“What you’re seeing is the clearest evidence of how wide open the center-right lane of the caucus electorate is in Iowa,” said Matt Strawn, a former Iowa GOP chairman who is uncommitted. “Those are all candidates that would love to get some momentum that will help them make their case in New Hampshire.”
“Both Bush and Christie see Rubio as the front-runner in that lane, and they’re trying to take him down so they have a better shot at it,” said Douglas Gross, who served as Mitt Romney’s 2012 Iowa finance chairman but, like a number of establishment conservatives, remains uncommitted.

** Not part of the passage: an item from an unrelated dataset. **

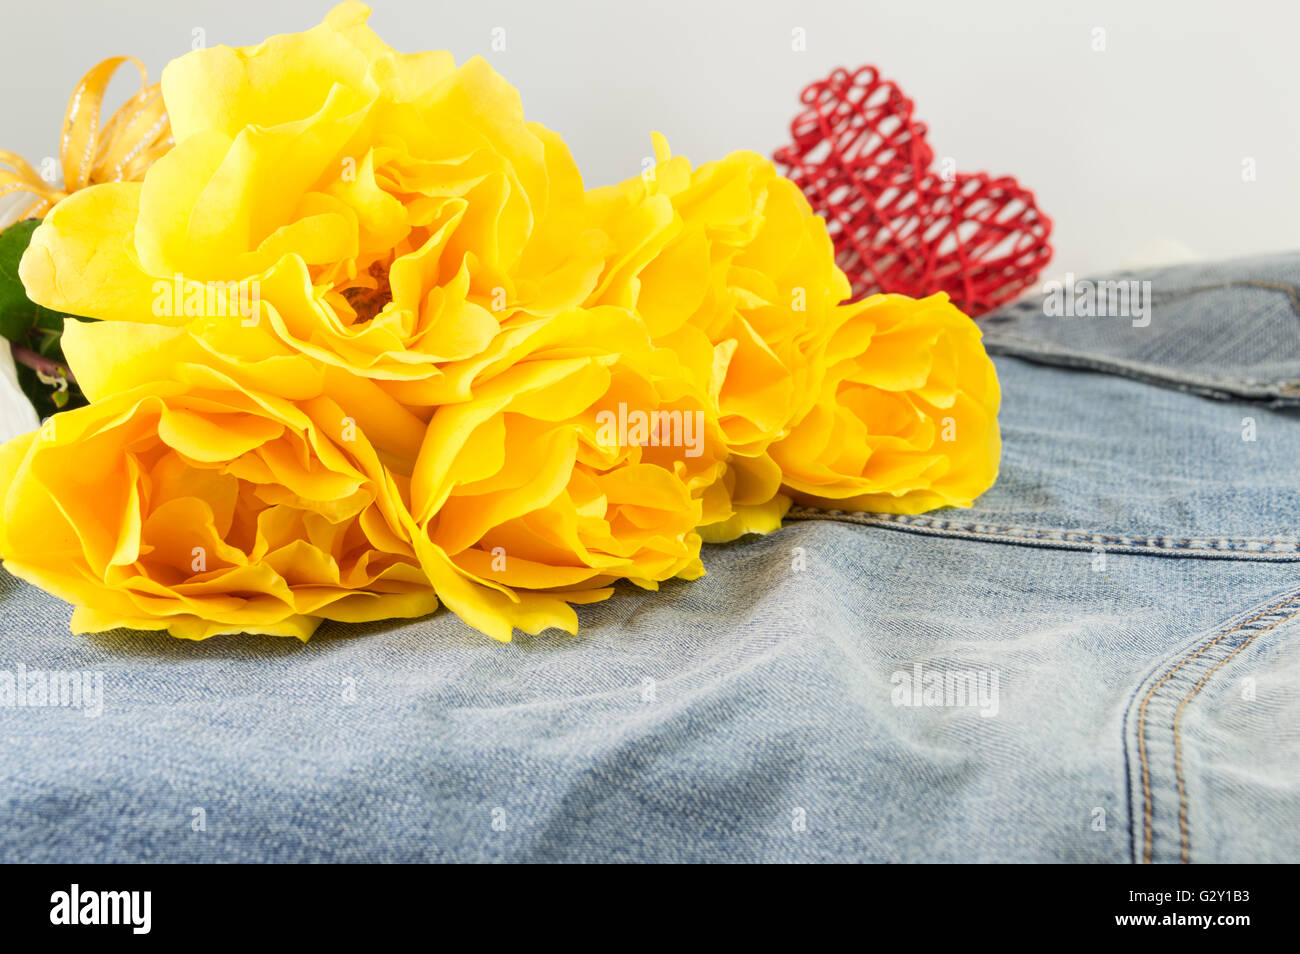 Yellow roses in full blossom placed on denim jeans Stock Photo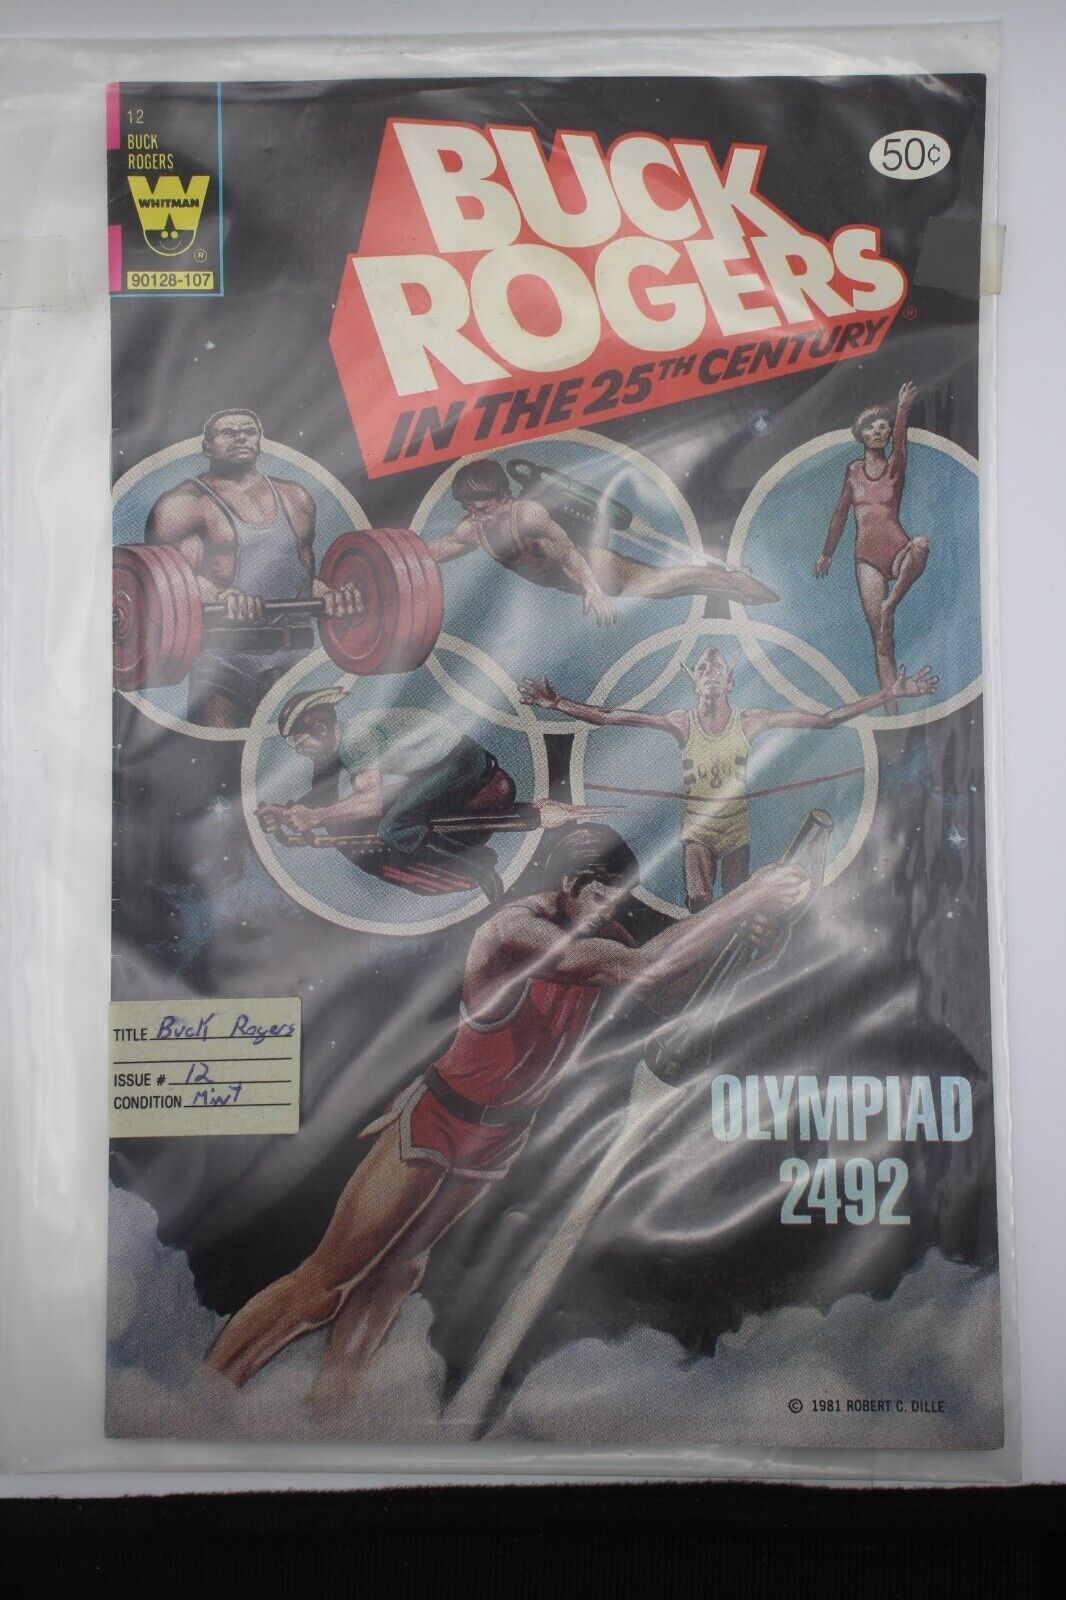 1981BUCK ROGERS in the 25th Century OLYMPIAD 2492 WHITMAN COMICS #12 - MINT COND

The substance of the attack on Rubio not showing up to vote may matter less to establishment Republicans in Iowa, who are still trying to determine whether the young first-term senator is truly the GOP’s best general-election candidate. “I keep hearing that Rubio is people’s favorite among [choices Rubio, Bush and Christie] not because they love his voting record but because they think he’s the party’s best shot to beat Hillary Clinton,” Gross said. “So the other candidates really have to attack that electability narrative if they’re going to bring him down.”
But the absenteeism takedown has a chance of resonating in New Hampshire, where it runs parallel to recent stories about the Florida senator’s relatively light campaign schedule being a particular affront to an electorate that relishes its first-in-the-nation responsibility and demands accessibility from candidates.